Non-compete agreements are a common feature of many employment contracts, but they’re also controversial. On the one hand, they can help protect a company’s intellectual property and prevent employees from taking valuable trade secrets to a competitor. On the other hand, they can also limit employee mobility and stifle innovation. In recent years, there has been a growing movement to restrict the use of employee covenant agreements, with some states even banning them altogether. In this article, we’ll take a closer look at the pros and cons of non-compete agreements in Colorado and explore the legal landscape surrounding them.
The legal landscape surrounding non-compete agreements varies from state to state; however, if an employee lives or works in Colorado, Colorado courts will apply Colorado law for the purposes of non-compete agreements. In general, courts will only enforce non-compete agreements that are reasonable in scope, duration, and geographic area. Employers should also be aware that non-compete agreements may be subject to antitrust laws if they are used to limit competition.

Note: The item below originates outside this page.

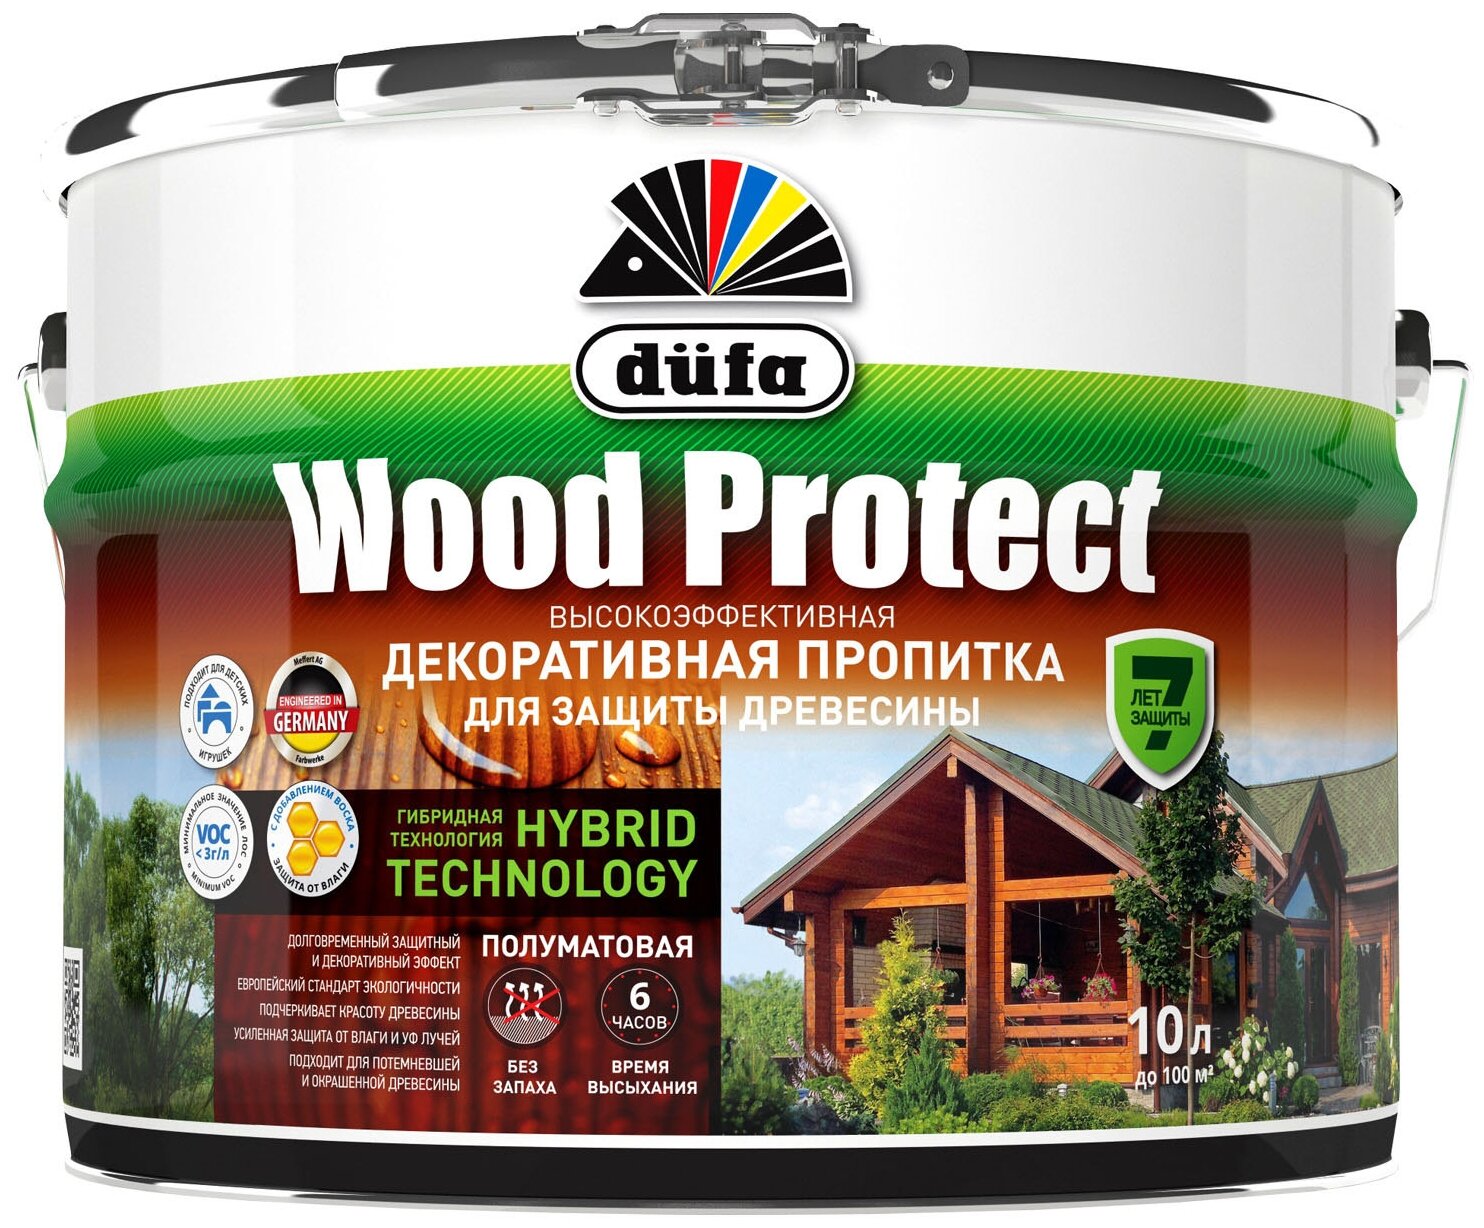 Dufa пропитка Wood Protect
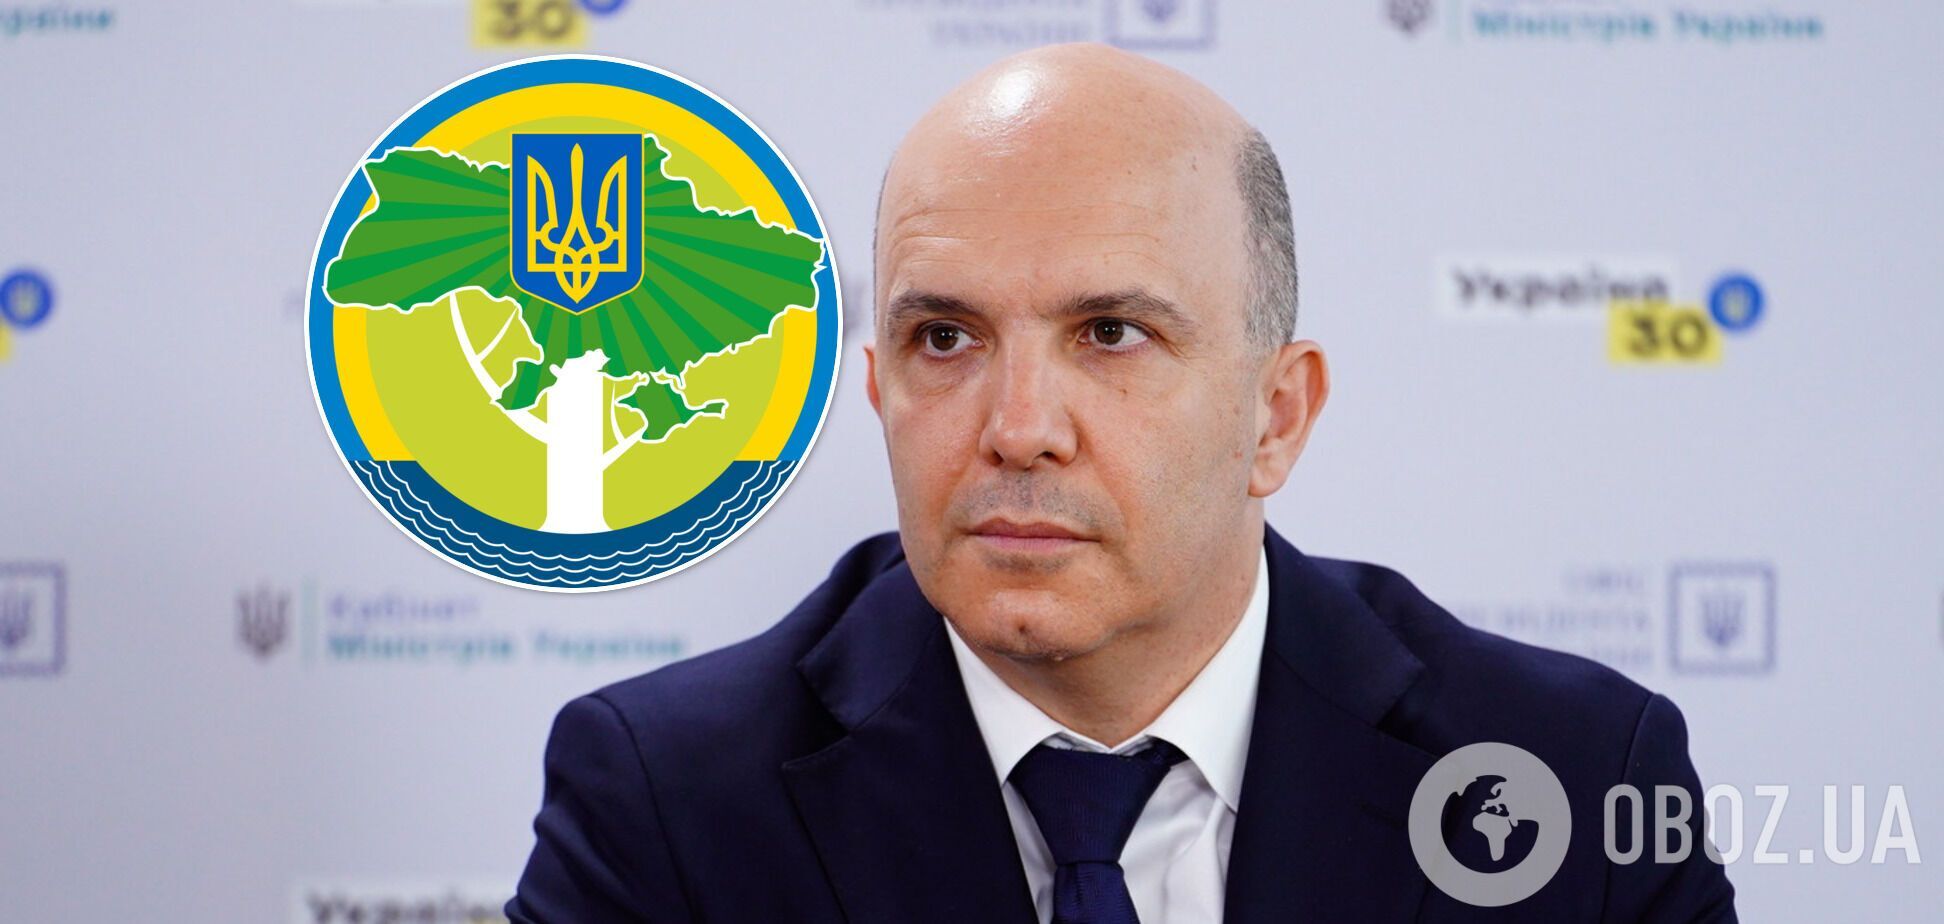 Роман Абрамовский стал министром защиты окружающей среды и природных ресурсов Украины в июне 2020-го

In Colorado, any non-compete agreement executed or renewed after August 10, 2022 is also subject to strict statutory requirements. Employers may not enter into a non-compete agreement with any employee who makes less than the threshold for a “Highly Compensated Employee” as set by the Colorado Department of Labor and Employment. This threshold amount may change each year, and employers will need to review non-compete agreements to ensure this salary requirement is met on a yearly basis.
Employers must also give at least fourteen days of advance notice to employees (and prospective employees) before entering into a non-compete agreement. The notice must provide the terms of the non-compete, as well as a statement advising the employee that the agreement could restrict the employee’s options for subsequent employment.
An employer who fails to comply with the statutory requirements for a non-compete agreement will find that not only is the agreement itself void, but the employer could also be subject to criminal penalties. Although it is unclear how a violation of the statute will be prosecuted, best practice would be to never find out!
Conclusion: Non-compete agreements can provide important protections for employers, but they can also limit employee mobility and stifle innovation. Employers should carefully consider whether a non-compete agreement is necessary and ensure that it is tailored to the employment relationship, reasonable in scope, duration, and geographic area, and fully complies with statutory requirements. Employees should also be aware of their rights and consult with an attorney if they have concerns about a non-compete agreement. By balancing protection and innovation, we can create a workforce that is both competitive and dynamic.
[1] This article does not address Non-Solicitation, Confidentiality, or other types of employment covenants regulated under C.R.S. 8-2-113.